From: Piotr Gasiorowski
Message: 12746
Date: 2002-03-18
----- Original Message -----From: tgpedersenSent: Monday, March 18, 2002 1:28 PMSubject: [tied] Re: DaciBut a general remark: It seems to me you often use the argument that since we can't conclude on linguistic grounds that something has happened, then it would be unscientific to assume it did, and therefore it didn't happen, also given pertinent extra-linguistic evidence that it might have happened. Case in point: the possible identity of the Getae and the Goths. (Trying to represent your position:) If they spoke dissimilar languages we cannot entertain the possibility that they might have been the same people (wholy or partly) and therefore Jordanes is definitely wrong if he claims they were.If there were any good evidence of any kind supporting tht claim, I wouldn't be obstructive. But your argument was based on a collection of linguistic _and_ extralinguistic implausibilities -- a real comedy of errors resulting from the misidentification of accidentally similar names (see also George's most recent posting). Sorry, but I don't feel like discussing it all once again.>> What was once "pre-" may easily become "post-" (witness East Scandinavian articles).> You mean North Germanic outside of West Jutland, I suppose? Correct, if you think that the suffixed article started with -inn.

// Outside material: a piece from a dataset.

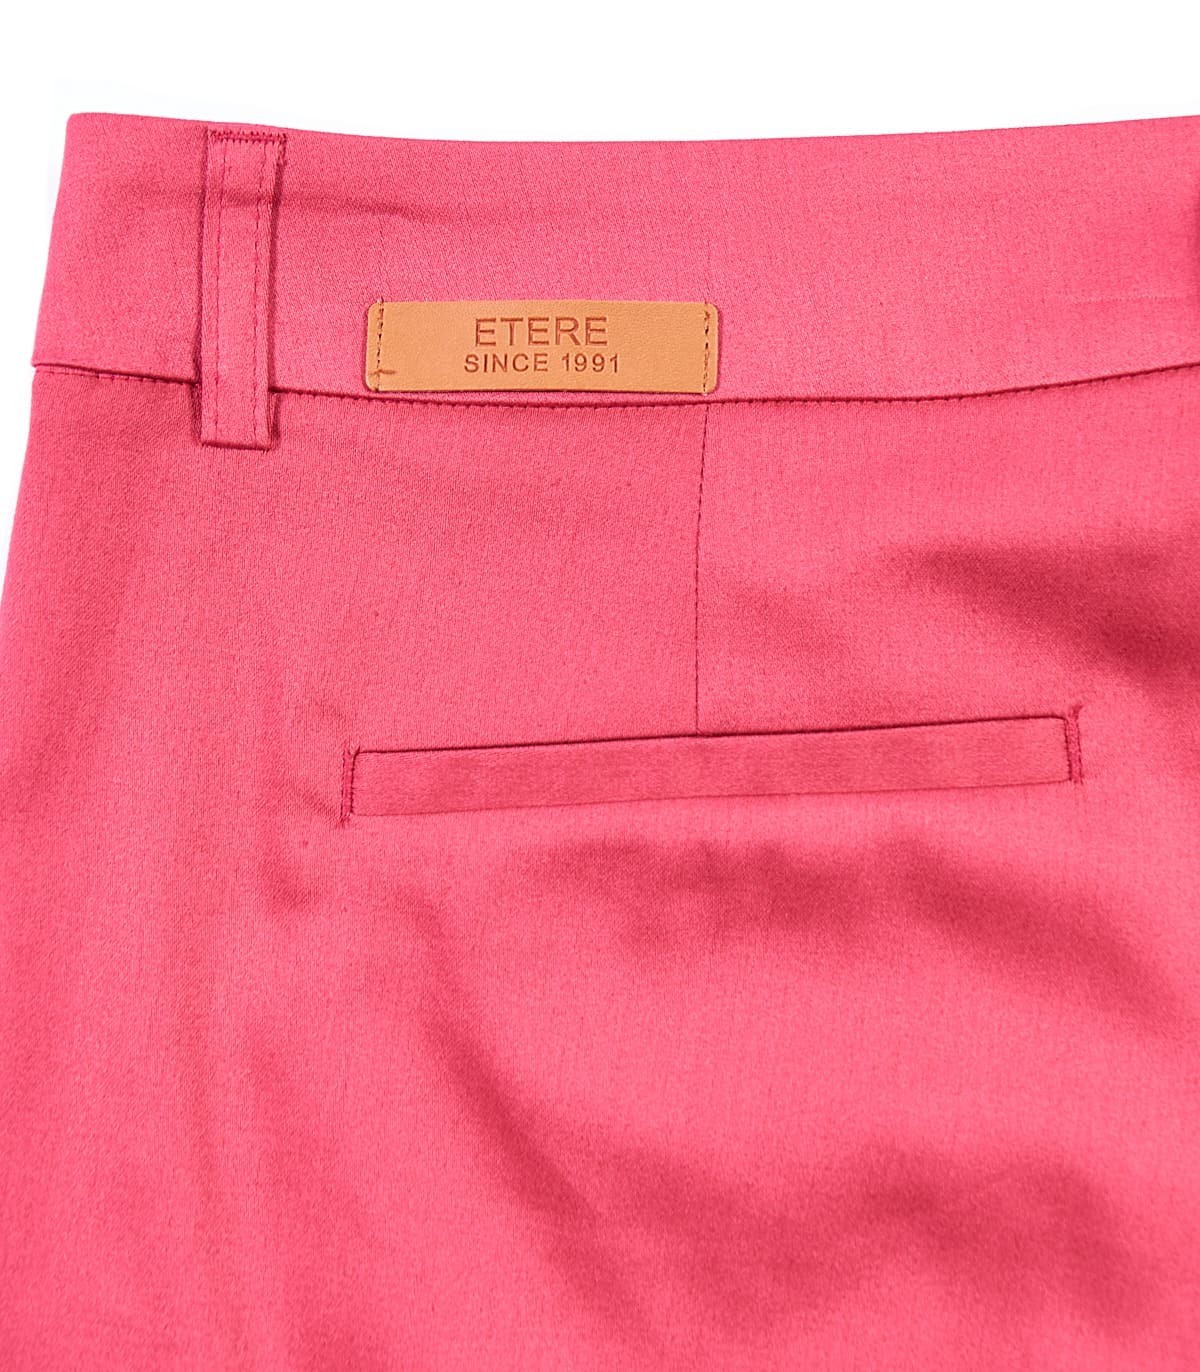 памучен панталон в цвят корал NIKO6

Thanks for the correction. As for the suffixed article, it _started_ with <h-> originally (ON <hinn, hin, hit>) but lost the initial when agglutinated to a noun. The position of demonstratives in early Germanic was predominantly (albeit not exclusively) prenominal, and it was only in North Germanic that the fixed combination *dagr-hinn > dagr-inn developed as an alternative to <hinn dagr> and the enclitic began to function as an article.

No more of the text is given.